# Hibiscus, what to do with it?



## JustJoel (May 22, 2018)

You can find some pretty unusual stuff in the 99 cent store! The one I visited today had, among other interesting items, a wall of Mexican spices packaged cheaply in those crinkly plastic bags. And they were all 99 cents!

Among these spices I found hibiscus. I bought it on a whim, but have no idea what to with it! I googled, and every hit was a beverage or hibiscus infused simple syrup. Are there any other ways I can use hibiscus?


----------



## taxlady (May 22, 2018)

I make hibiscus and rosehip tea. It is fabulous as ice tea and the colour is a lovely, bright red. I like the slight tanginess, so I don't add any sugar.


----------



## CakePoet (May 22, 2018)

Last time I had dried hibiscus  I  booked marked these :
https://www.epicurious.com/ingredients/hibiscus-flower-cooking-iced-tea-flor-de-jamaica-article

Hibiscus Liqueur Recipe | Everclear Liqueur Recipes

https://www.loveandoliveoil.com/2013/04/hibiscus-flower-enchiladas.html

But then I just made  lovely Hibiscus cold tea and drank it..  yum


----------



## CraigC (May 22, 2018)

Try looking up Jamaican and Caribbean recipes.


----------



## JustJoel (May 22, 2018)

CakePoet said:


> Last time I had dried hibiscus  I  booked marked these :
> https://www.epicurious.com/ingredients/hibiscus-flower-cooking-iced-tea-flor-de-jamaica-article
> 
> Hibiscus Liqueur Recipe | Everclear Liqueur Recipes
> ...


OMG, those enchiladas look interesting and delicious. Give me a few days to get over my Indian food obsession and I’ll make ‘em! Thank you!


----------



## CakePoet (May 22, 2018)

And the liquid you get as left overs, you can make sweet tea or use in  a cake.


----------



## Dawgluver (May 22, 2018)

Love jamaica (hibiscus) tea!
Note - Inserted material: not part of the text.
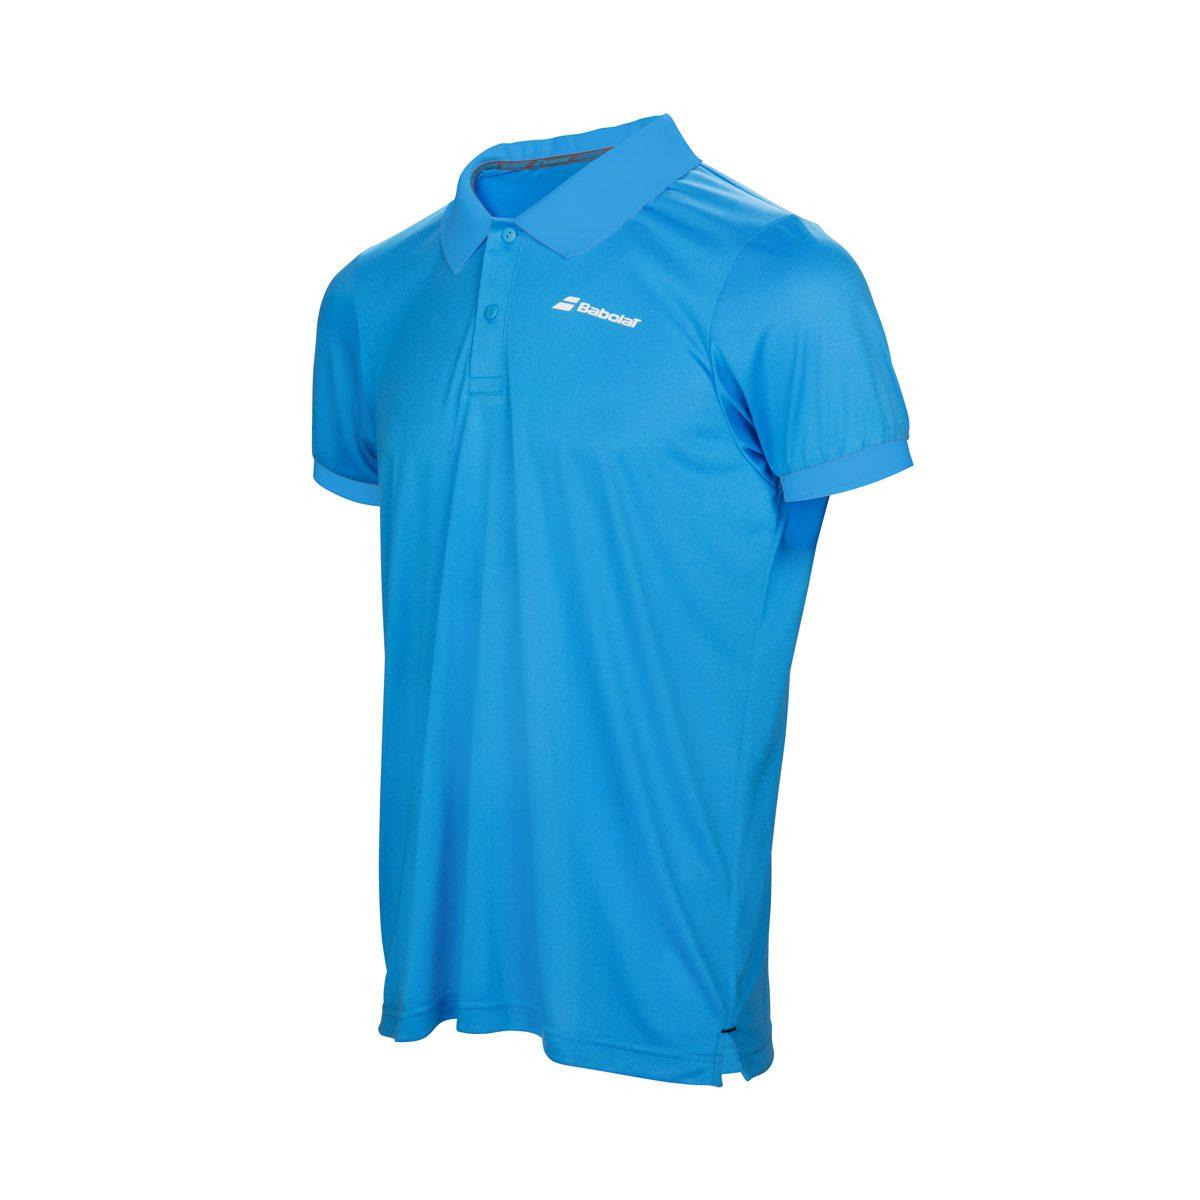 Babolat Men S Core Club Polo Shirt Blue Peake

I imagine you could use it in jellies and jams for the liquid, and to poach fruit.


----------



## msmofet (May 22, 2018)

taxlady said:


> I make hibiscus and rosehip tea. It is fabulous as ice tea and the colour is a lovely, bright red. I like the slight tanginess, so I don't add any sugar.



I also buy loose hibiscus and rosehip for tea. I add honey. This combo is high in vitamins and we always have when we are fighting a cold/flu and sore throat. Mom believed it helped bring a fever down.


----------